Baking soda is sodium bicarbonate, and in solution, it is used for all sorts of treatments and procedures in hospitals, clinics and doctor’s offices, from chemotherapy treatments to correcting blood pH to easing the pain from stitches. It is also used as a poison antidote and in open-heart surgery.
Basically, you will definitely find sodium bicarbonate solution on any “crash cart” in a hospital. That is just how important this simple drug really is to medicine. However, it is in short supply, according to the New York Times, and indeed, surgeries and chemotherapy treatments have been either put on hold or reprioritized due to the shortage.
The U.S. has only two suppliers of sodium bicarbonate approved by the FDA for use as a medical drug, Pfizer, and Amphastar. Pfizer ran low because of a problem with one of its suppliers, and Arstechnica reports the issue was undisclosed due to “confidentiality agreements.”
Because of Pfizer’s shortages, customers searching frantically for the drug descended on Amphastar, quickly depleting their supplies. Both companies told the NYT they don’t really know when supplies will be restored, speculating that it could happen no earlier than June or as late as August this year.
“Does the immediate need of a patient outweigh the expected need of a patient?” says the head pharmacist at a hospital in Mobile, Ala., commenting on the sodium bicarbonate shortage and calling it a “medical and ethical question that goes beyond anything I’ve had to experience before.”
Shortage sheds light on continuing shortage of inexpensive drugs
But most people don’t realize that this has happened before with stocks of sodium bicarbonate and it’s just another example of the shortages of inexpensive generic medicines we have in this country.
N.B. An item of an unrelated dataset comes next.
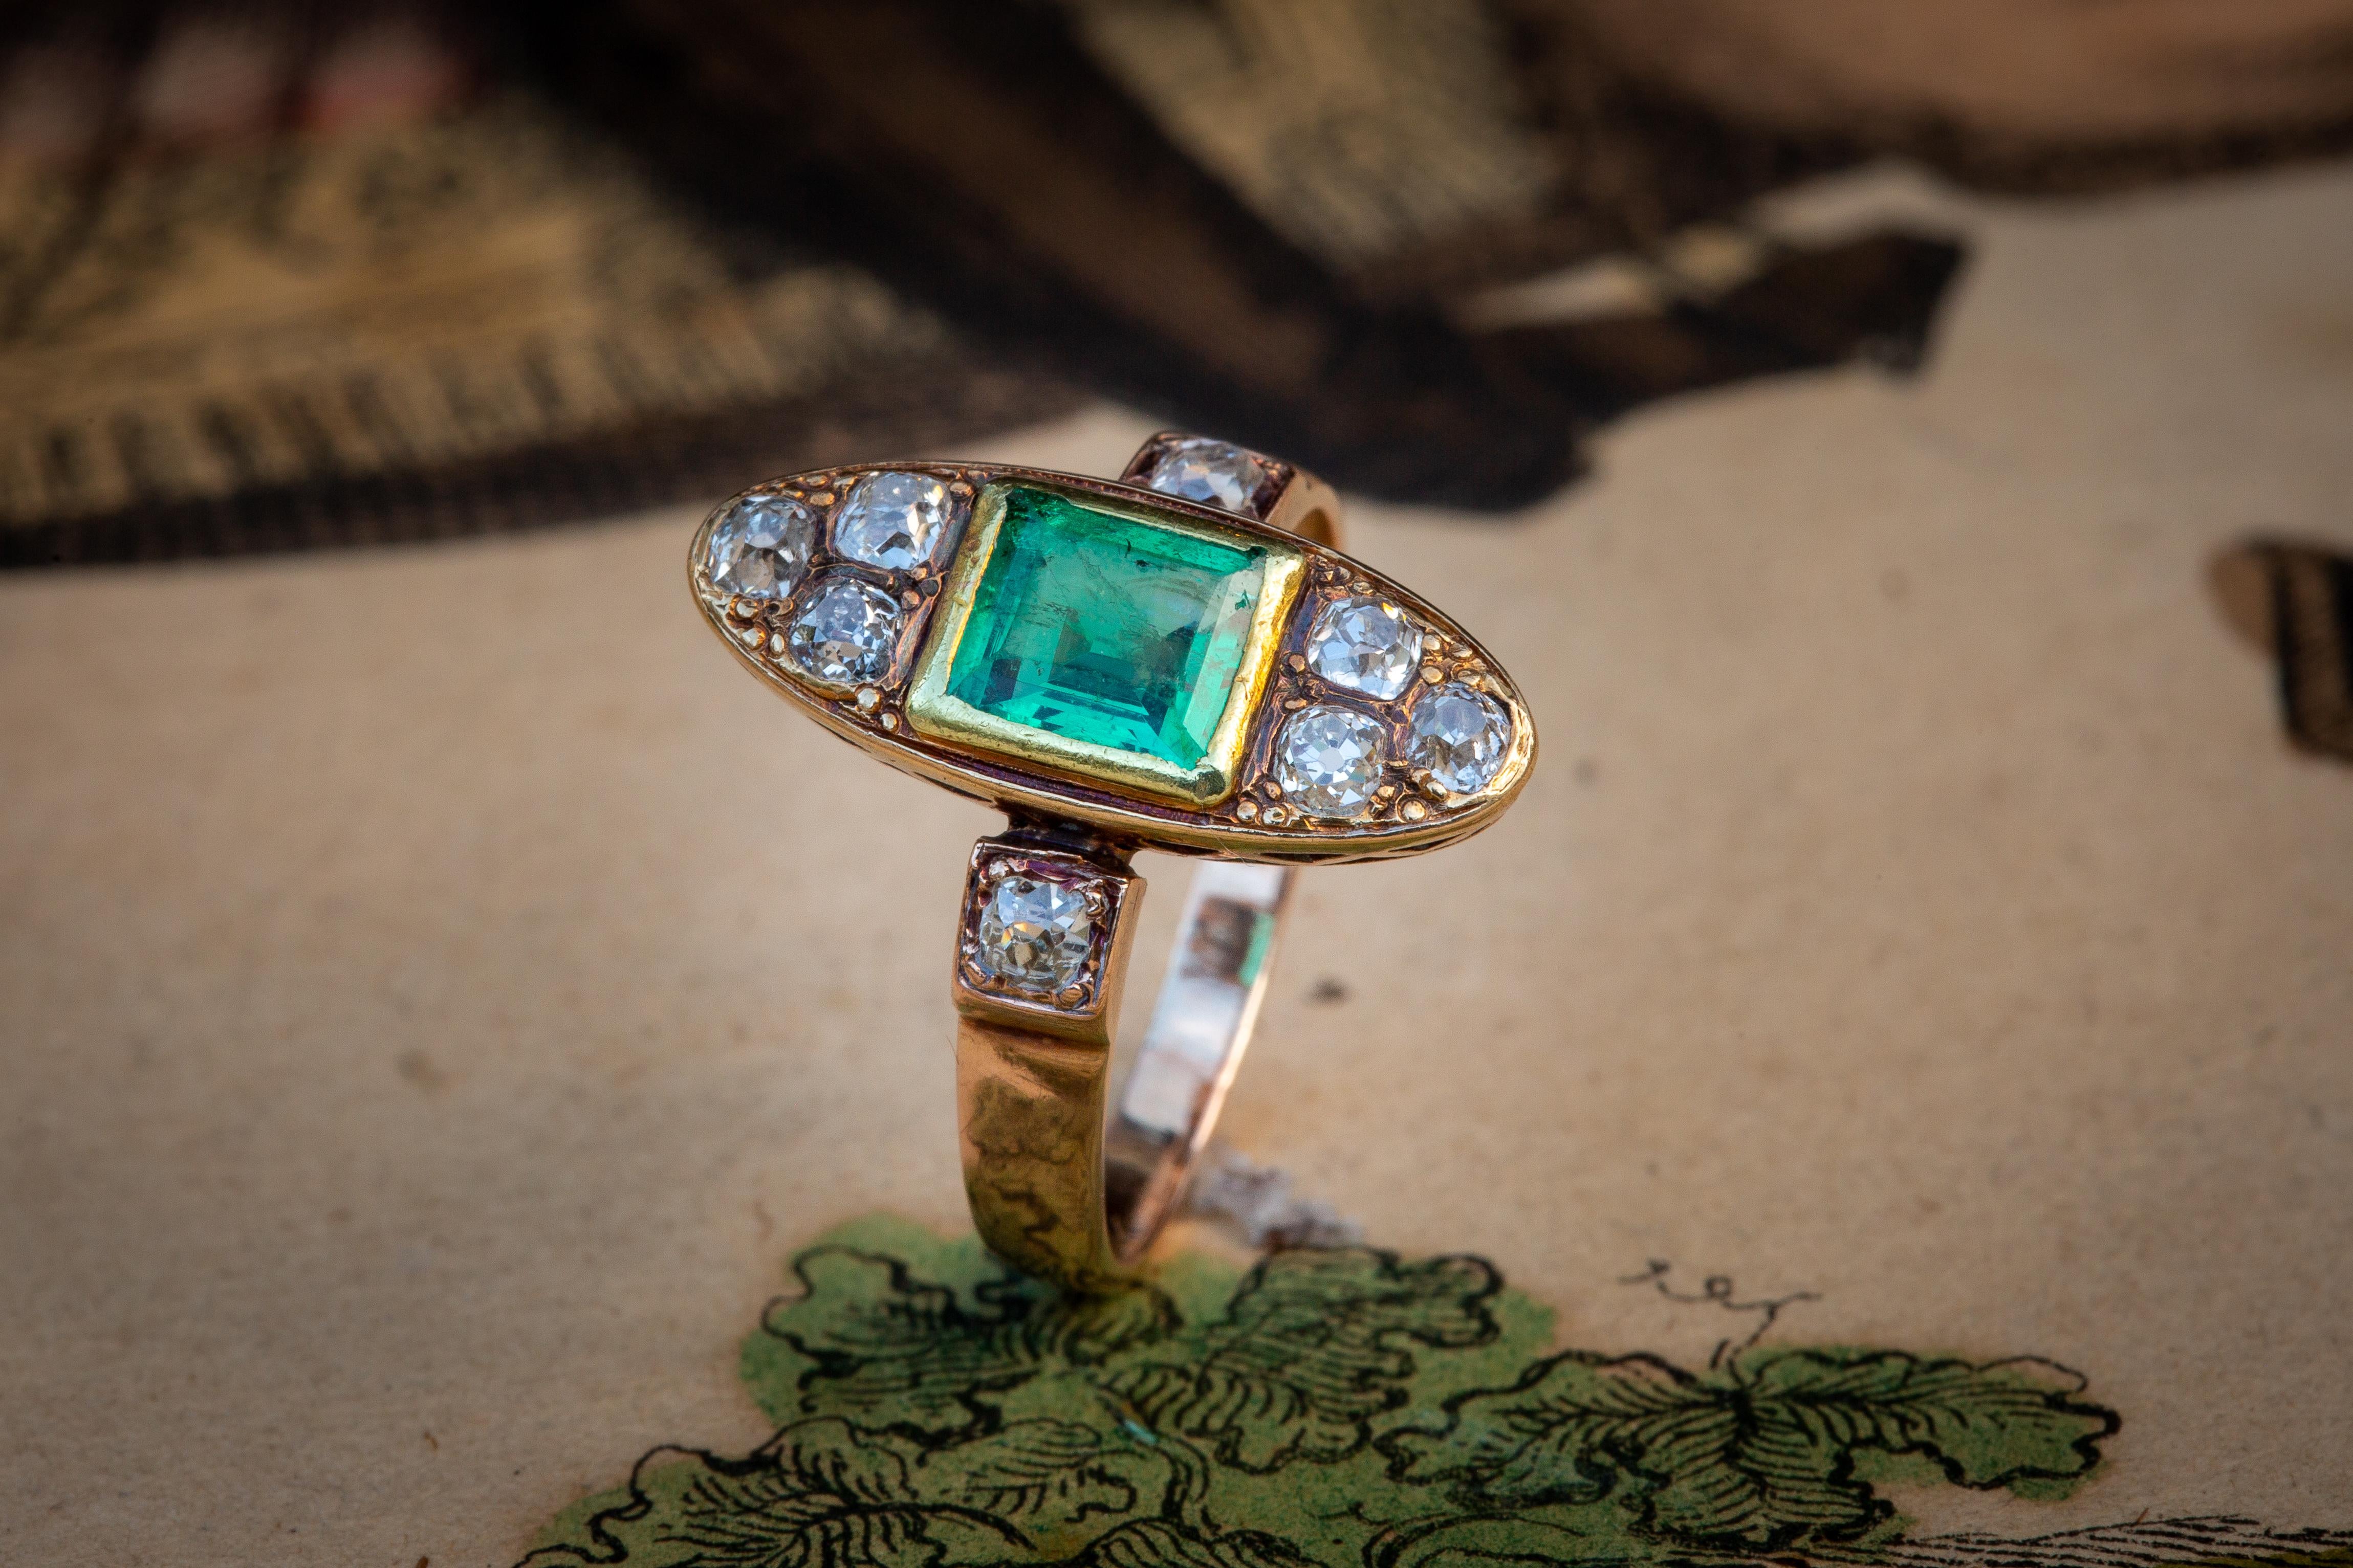 Victorian French 19th Century 18K Gold Ring with Emerald and Old Mine Cut Diamonds

There was a shortage of sodium bicarbonate in 2012 and a similarly alarming shortage of sterile saline solution in 2014.
As of today, on the FDA website, there are dozens of drugs said to be “currently in shortage,” many of them critical generic injectables, like Epinephrine Injection, Lidocaine Hydrochloride (Xylocaine) Injection, and any number of injectable antibiotics.
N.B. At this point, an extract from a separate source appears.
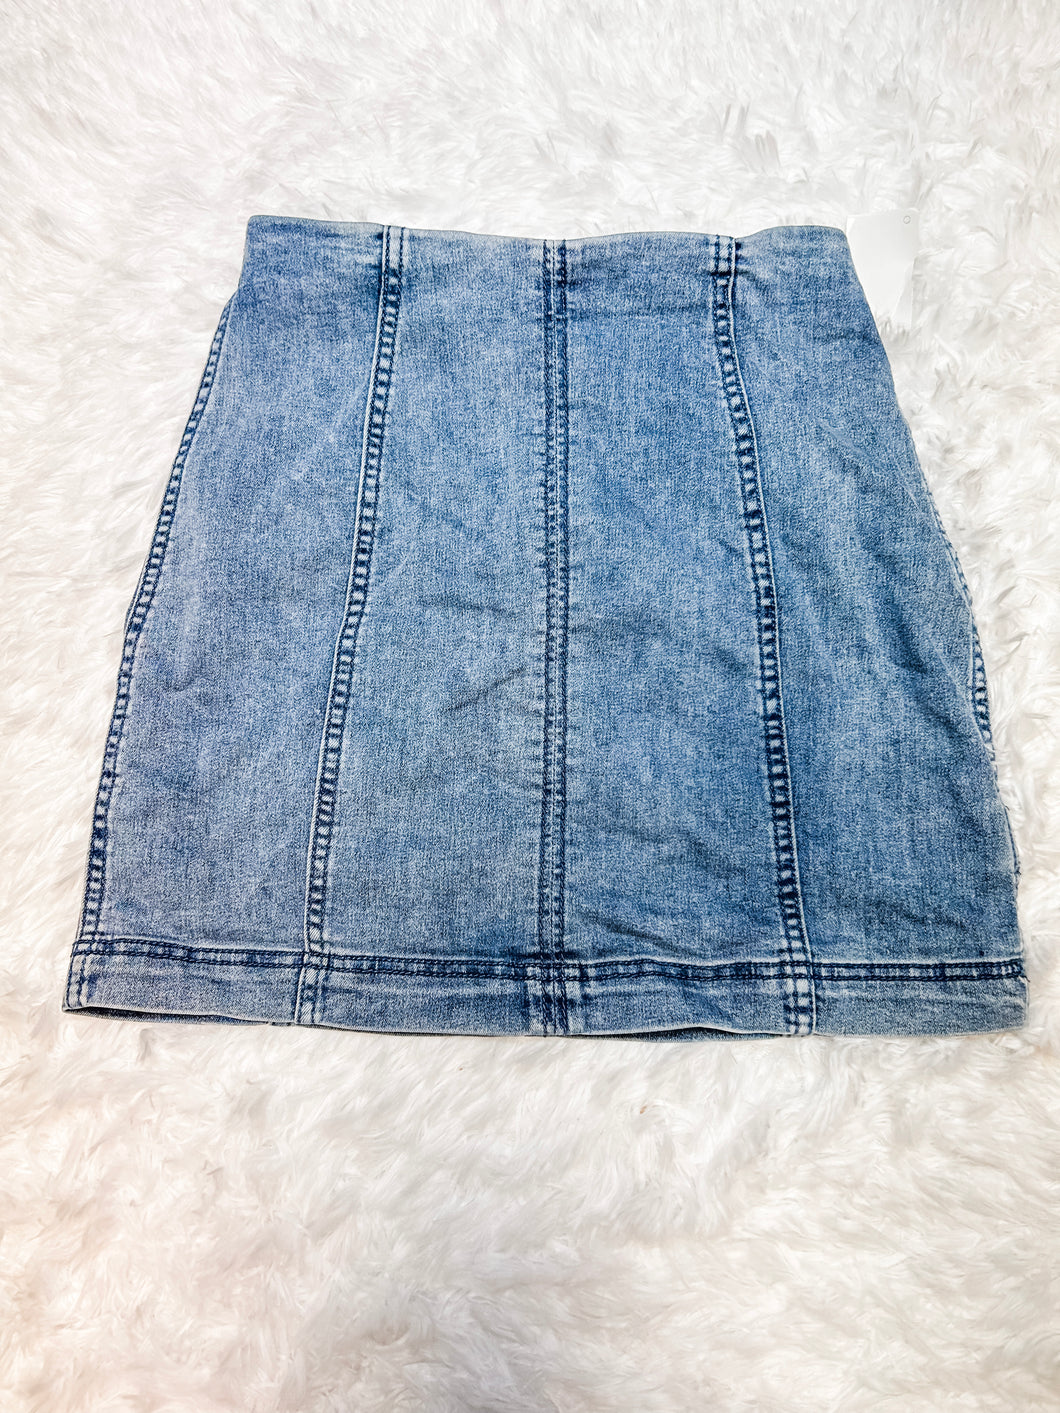 Free People Short Skirt Size Extra Small M0375

Several possible reasons for shortages
The experts, whoever they are, blame the shortages on a combination of factors, citing problems with getting raw materials. It leaves one to wonder how difficult it is to find salt or dextrose today. The experts also suggest the “issues” with aging facilities where many of these old drugs are manufactured and consolidation in the drug industry that has pushed many of the small companies out of business.
And as all of us well know, pharmaceutical companies are driven by profits, lots of them, and because generics are not profitable, many drug companies don’t maintain supplies of many of these vitally important but inexpensive drugs.
The FDA is working with Pfizer and Amphastar to mitigate the shortage and a spokesperson for the agency said that it is “exploring all possible solutions to this critical shortage, including temporary importation, to help with this shortage until it’s resolved.”